On ne va pas se mentir, ce n’est pas le sport national (il sourit)! Ils ont d’autres occupations comme le cricket, les compétitions de faucon, qui attirent énormément de gens, ou les courses de chevaux. Mais c’est aussi intéressant de découvrir de nouvelles choses. Tu sors de ta bulle, de ton confort, et j’en avais besoin.
À Knokke, j’ai fait ce que j’avais à faire et j’étais peut-être arrivé à un plafond de verre car le club n’est pas encore prêt à passer un cap. Donc j’avais besoin d’un nouveau défi. C’est une expérience à part entière : je suis loin de tout, je découvre une autre culture.
Sans être ma ville préférée, Dubaï (où il réside) reste un lieu extraordinaire, avec énormément de choses à faire. C’est beaucoup plus gai que certains coins de Belgique, car il y a une belle météo, la plage, de beaux endroits, bref tout ce qu’il faut pour s’occuper.
J’ai toujours l’équipe nationale dans un coin de la tête
Le fait d’être le seul joueur européen de l’effectif vous met-il une forme de pression ?
Non, c’est une bonne chose, ça prouve la confiance que me porte le club, et c’est toujours valorisant.
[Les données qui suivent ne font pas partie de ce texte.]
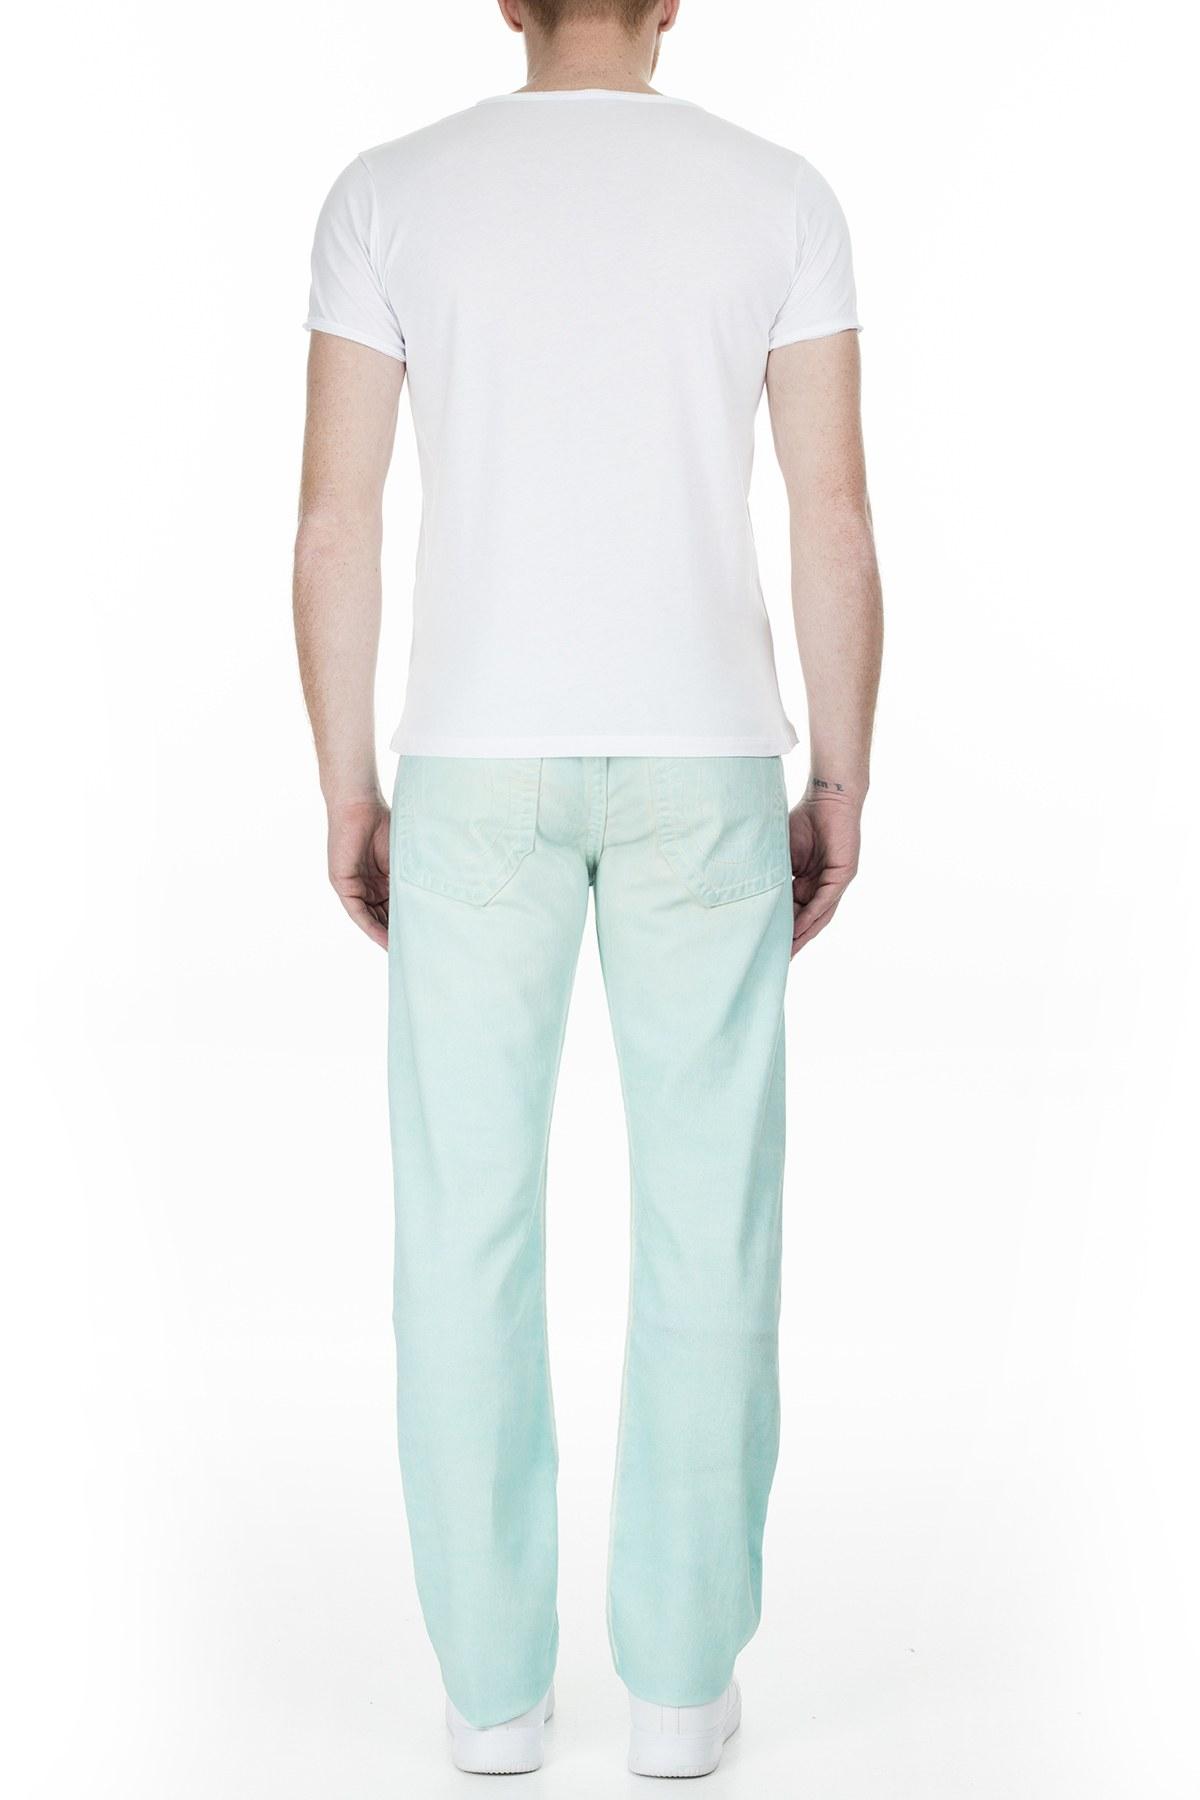 True Religion Jeans Erkek Kot Pantolon M58J19Y13 AQUA

Et puis, ça reste du foot. C’est inutile de se mettre de la pression supplémentaire quand tu sais ce que tu sais faire. En Belgique ou au bout du monde, ça reste un terrain vert avec un ballon. Il faut voir le foot comme un jeu, en tirer de l’amusement.
Dans le portrait que nous vous avions consacré en février 2024, vous disiez qu’en général, les footballeurs atteignent leur maturité sportive à 28 ans. Que vous manque-t-il, à 26 ans, pour atteindre celle-ci ?
Un footballeur n’est jamais complet sur tous les points. Au fil du temps, tu prends conscience que tu ne gommeras pas certains points faibles et l’important, dès lors, c’est d’appuyer sur les points forts. L’aspect mental joue beaucoup dans le foot : quand on sait de quoi on est capable, on s’épanouit beaucoup plus sur le terrain.
Je pense avoir fait le switch à ce niveau-là. Je dois continuer d’avoir conscience de mes qualités et d’accentuer mes points forts : la qualité technique, le dribble, la passe, la vision du jeu.
Vous rappeliez aussi que certains joueurs ne deviennent internationaux qu’à 31 ou 32 ans. La sélection luxembourgeoise*, vous y pensez toujours ?
Oui, bien sûr. En tant que compétiteur, j’ai toujours l’équipe nationale dans un coin de la tête. Je ne vais pas dire que c’est ma priorité, car j’ai conscience de sortir des radars de la sélection en venant ici, mais je n’ai pas de crainte, car le football d’ici est tout aussi intense qu’en Europe. Si le sélectionneur faisait appel à moi, je répondrais présent, car je ne perds pas le rythme.
*Appelé en février 2019 par Luc Holtz pour deux matches amicaux contre Sarrebruck programmés en dehors des dates FIFA, le natif d’Arlon n’avait pas été libéré par Virton.